Lexa menelan salivanya. Dari awal melihat Loco dia sudah merasa bahwa Loco bukanlah pria yang biasa saja.
‘Mafia? Oh God … aku seorang istri dari mafia? Apakah ini sebuah keberuntungan atau justru sebuah kutukan?’ batin Lexa.
“Kau … punya gundik?” tanya Lexa yang membuat Loco sedikit menyipit. “Biasanya orang-orang sepertimu sangat suka wanita, dan memiliki banyak wanita.”
Loco tertawa pelan lalu menatapnya tajam.

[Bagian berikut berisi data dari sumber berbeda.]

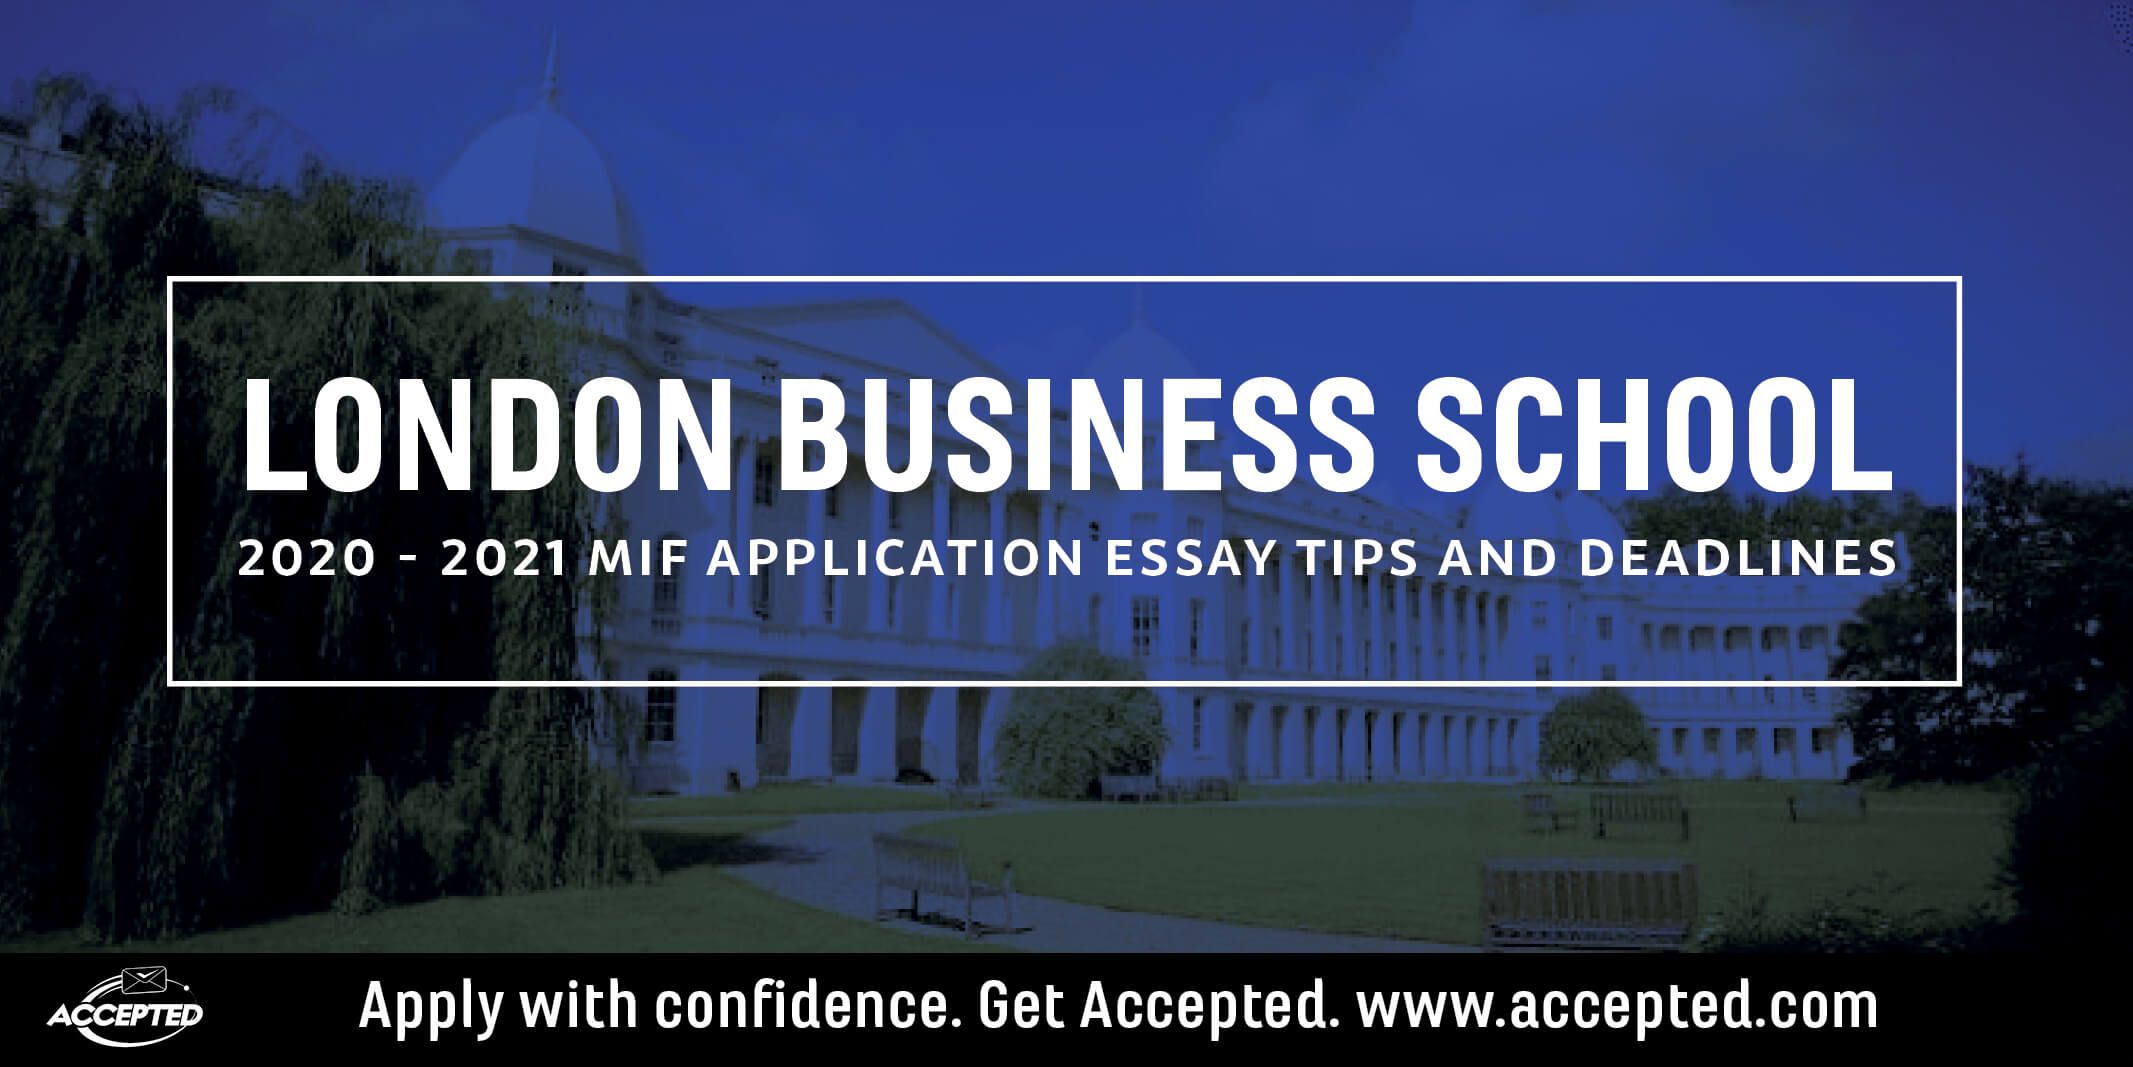 London Business School MiF application essay tips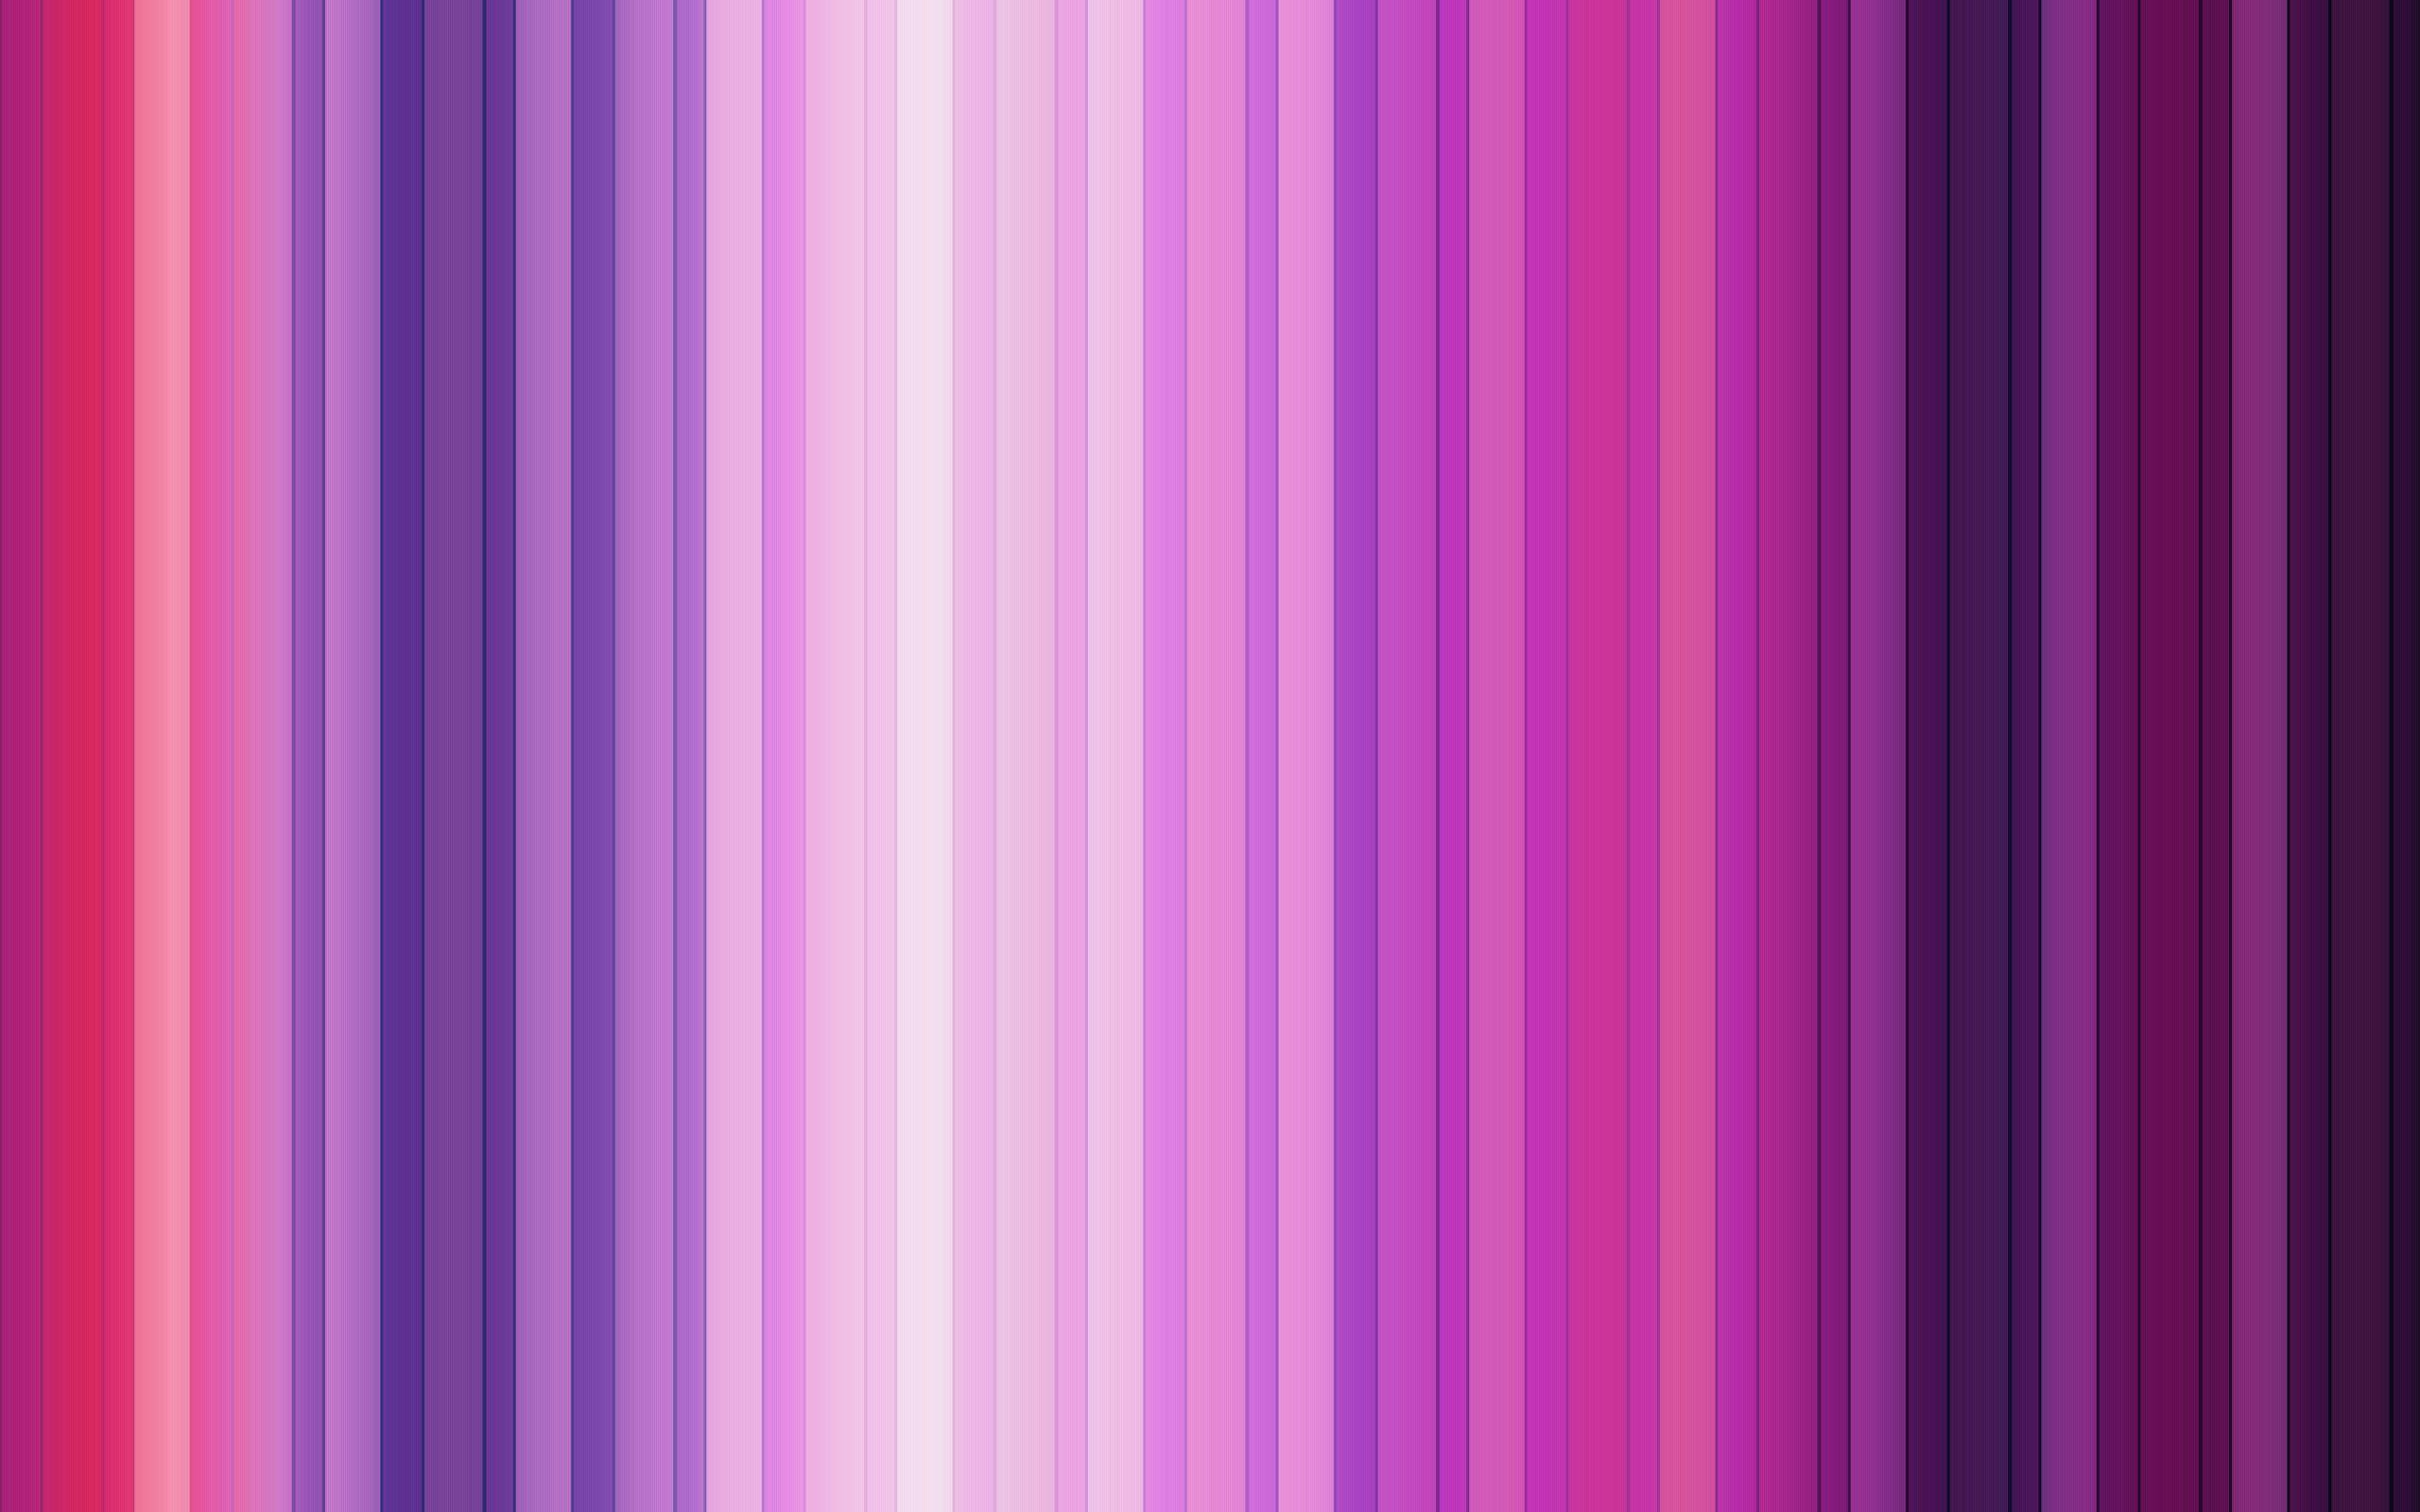 Cool Pink Wallpaper 45116 2560x1600 px

“Begini … hubungan kita memang tak terlalu baik sebelumnya karena kita sama-sama dominan dan aku tak suka terlalu dikuasai. Ya, aku punya banyak wanita dan kau menerimanya serta justru tak mempedulikan hal itu asal kau tetap menjadi istriku dengan kekuasaan tanpa batas.”
“Jadi … kita tak pernah berhubungan dan ku sealu bersama para wanitu itu? Jika iya, itu membuatku lega karena aku tak perlu melayanimu di ranjang,” ucap Lexa to the point.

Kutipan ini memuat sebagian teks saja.